Ao mesmo tempo em que celebrou seu passado, San Siro passou a conviver com a discussão sobre seu futuro. Em novembro de 2025, a Prefeitura de Milão concluiu a venda do complexo que inclui o Estádio Giuseppe Meazza para uma empresa integralmente controlada por Milan e Inter. O processo urbanístico em andamento prevê a construção de uma nova arena na região, além da demolição e preservação parcial do estádio atual.

A perspectiva provoca sentimentos contraditórios. Para os clubes, um novo estádio representa modernização, ampliação de receitas, melhores serviços e maior competitividade diante das principais equipes europeias. Para parte dos torcedores, arquitetos e defensores do patrimônio, qualquer intervenção profunda ameaça apagar um espaço que não pode ser reproduzido apenas com tecnologia e conforto.

Esse debate mostra que um estádio não é feito somente de concreto. Sua importância está nos acontecimentos que testemunhou, nas pessoas que reuniu e nas emoções que acumulou. Uma arena nova pode oferecer melhores condições, mas não nasce com memória. San Siro precisou de quase um século para construir a própria identidade.

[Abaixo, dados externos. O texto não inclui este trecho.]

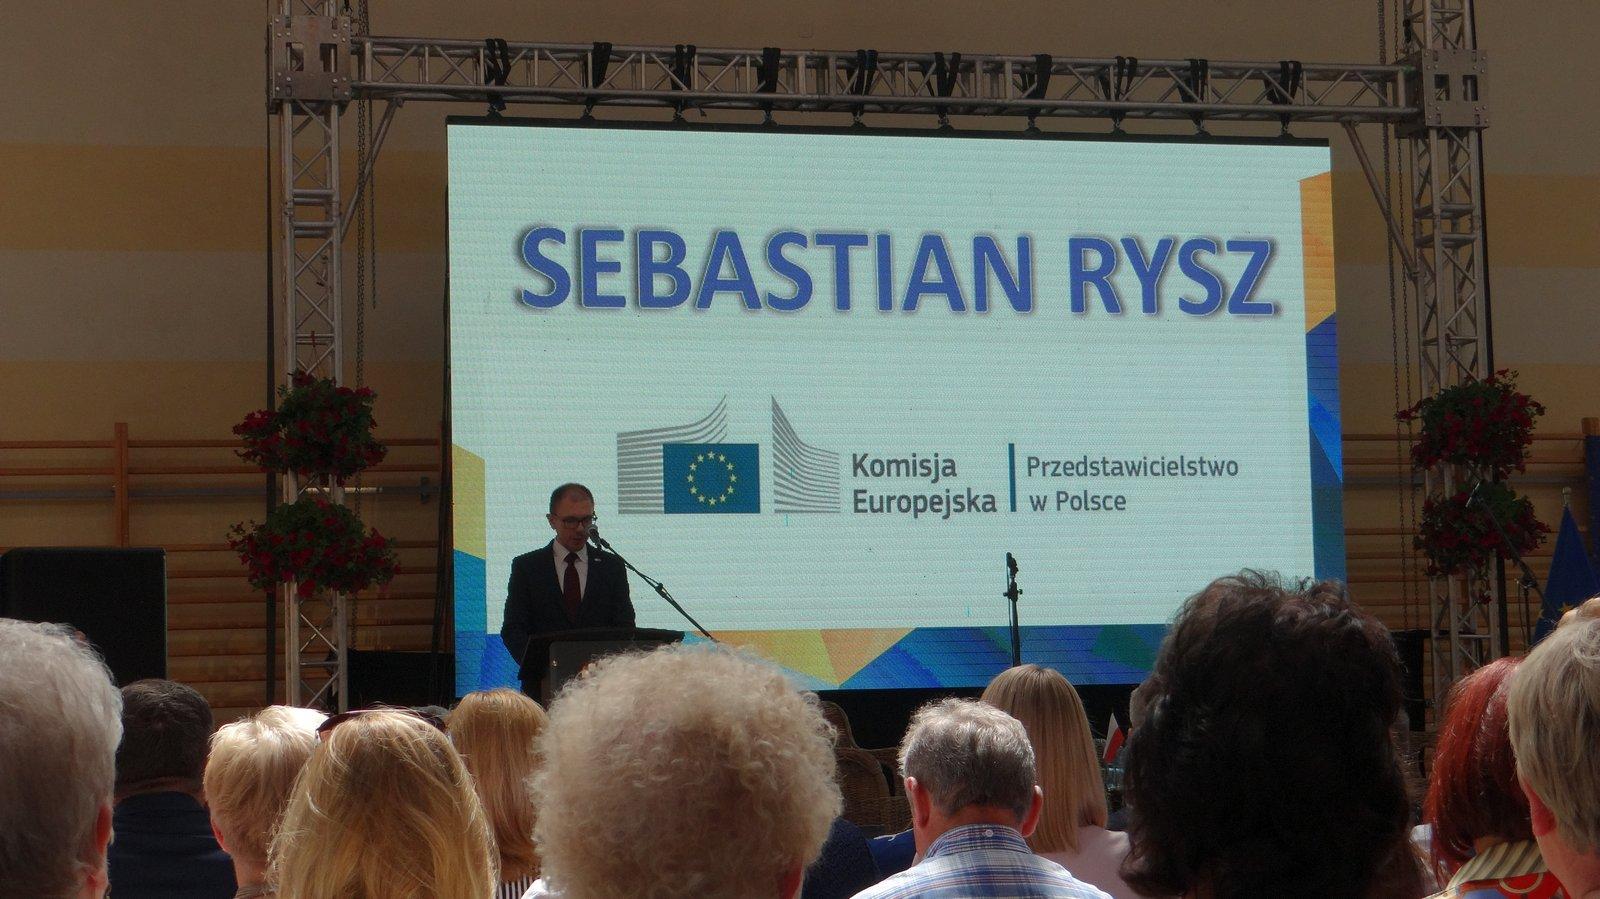 dsc09446 - Wielkopolska zaradność i pracowitość doceniona na Forum Wielkopolskiej Wsi Europejskiej

Em Milão, ele acompanhou transformações urbanas, mudanças sociais e diferentes gerações de torcedores. Recebeu partidas durante períodos de reconstrução nacional, projetou a força do futebol italiano e ofereceu ao mundo algumas das imagens mais marcantes do esporte. Mesmo quando o jogo terminava, o estádio continuava presente na paisagem e na imaginação da cidade.

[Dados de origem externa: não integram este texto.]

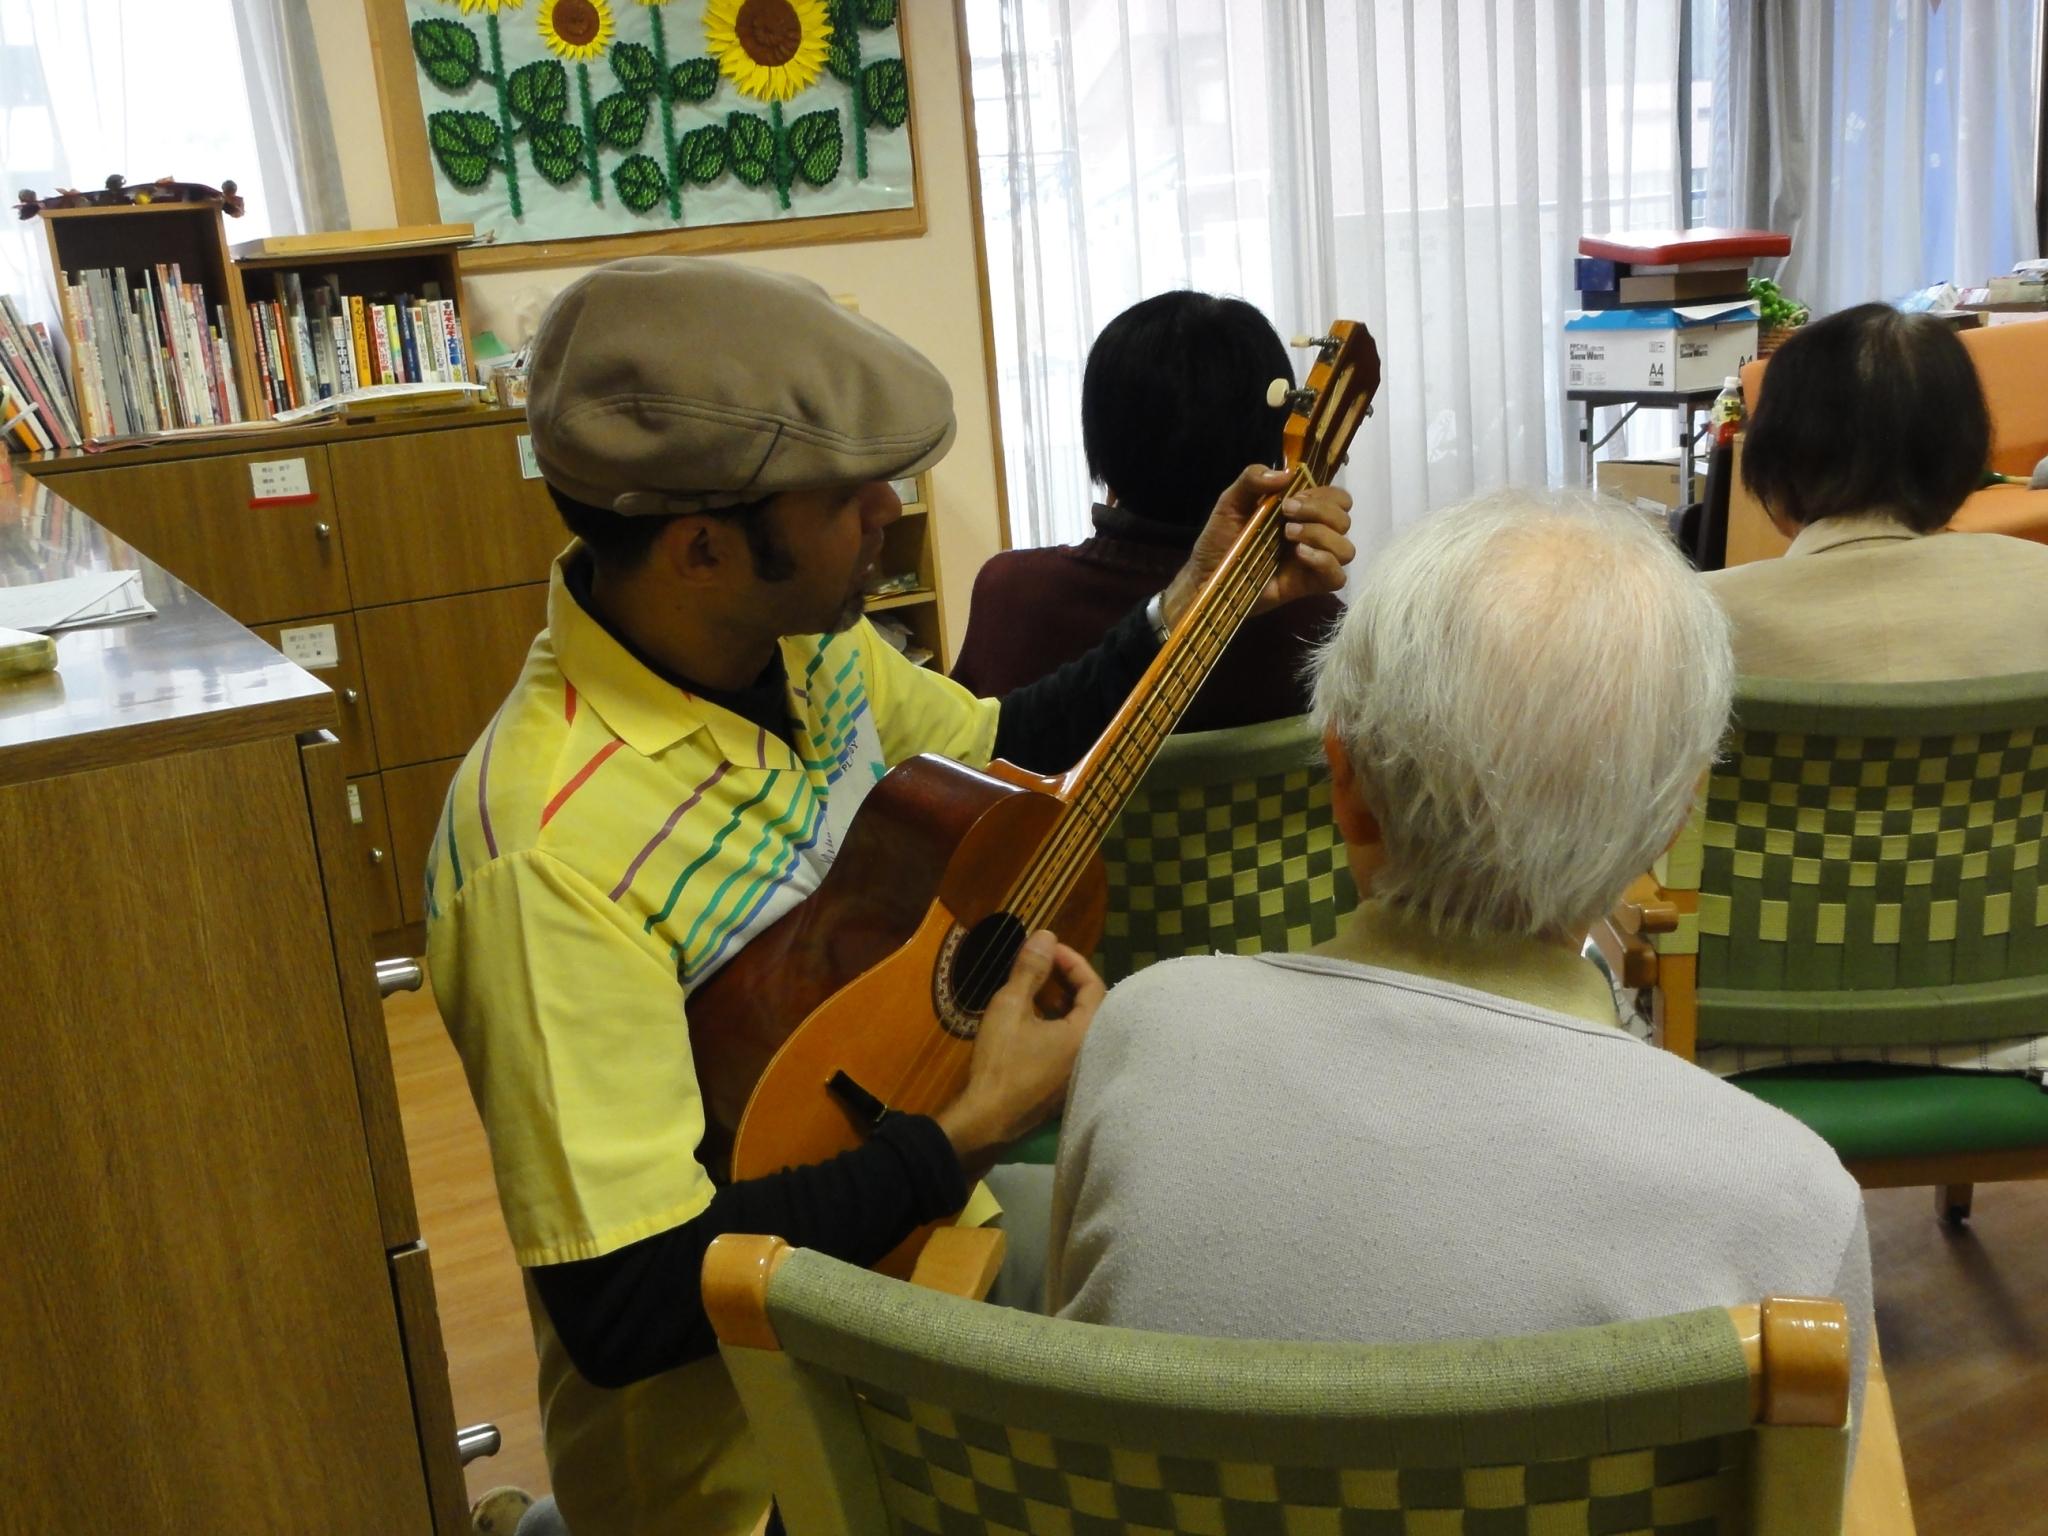 """Voluntariado con los """"viejitos"""", Tokio, Hachioji, 11/2012"""

San Siro merece estar entre os Templos do Futebol porque conseguiu pertencer a dois clubes sem perder sua identidade própria. É casa de Milan e Inter, mas também patrimônio de todos que reconhecem no futebol uma forma de cultura. Seus anéis, suas torres e sua cobertura vermelha formam uma arquitetura conhecida em todos os continentes. Suas arquibancadas guardam glórias e derrotas, clássicos e finais, ídolos e multidões.

O futuro poderá transformar aquela região de Milão e até modificar a estrutura histórica do estádio. A memória, entretanto, não será demolida. Enquanto houver futebol, San Siro continuará representando a noite europeia, o Derby della Madonnina e a força de uma cidade que transformou uma arena compartilhada em uma das maiores catedrais do esporte mundial.